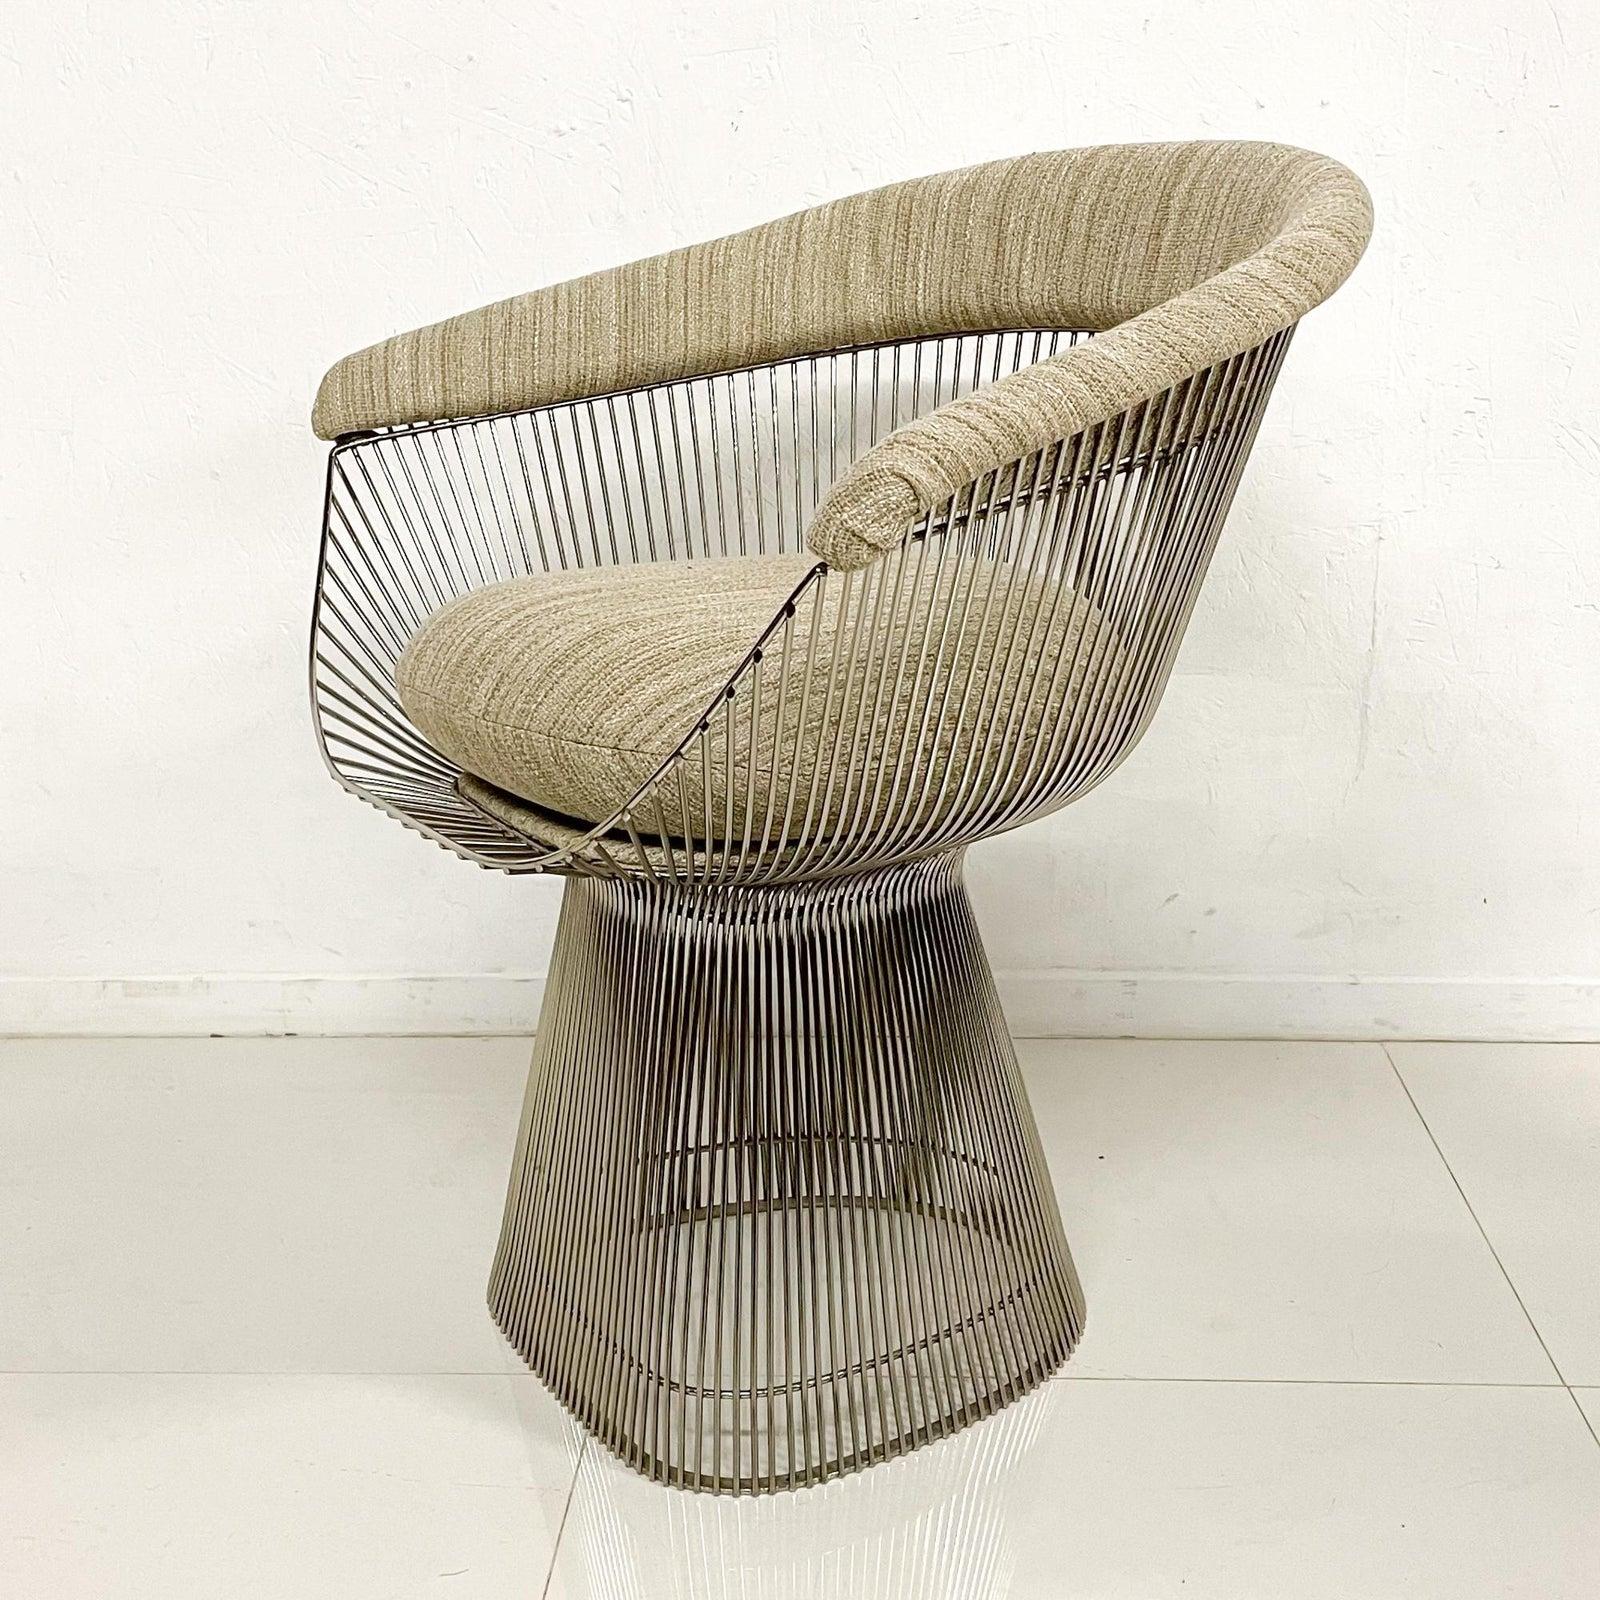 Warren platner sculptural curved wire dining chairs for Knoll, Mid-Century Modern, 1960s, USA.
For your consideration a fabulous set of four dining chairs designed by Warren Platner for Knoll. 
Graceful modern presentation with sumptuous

How to complete this task: Omit the pictures and reproduce the listing exactly.

Response:
 Warren platner sculptural curved wire dining chairs for Knoll, Mid-Century Modern, 1960s, USA.
For your consideration a fabulous set of four dining chairs designed by Warren Platner for Knoll. 
Graceful modern presentation with sumptuous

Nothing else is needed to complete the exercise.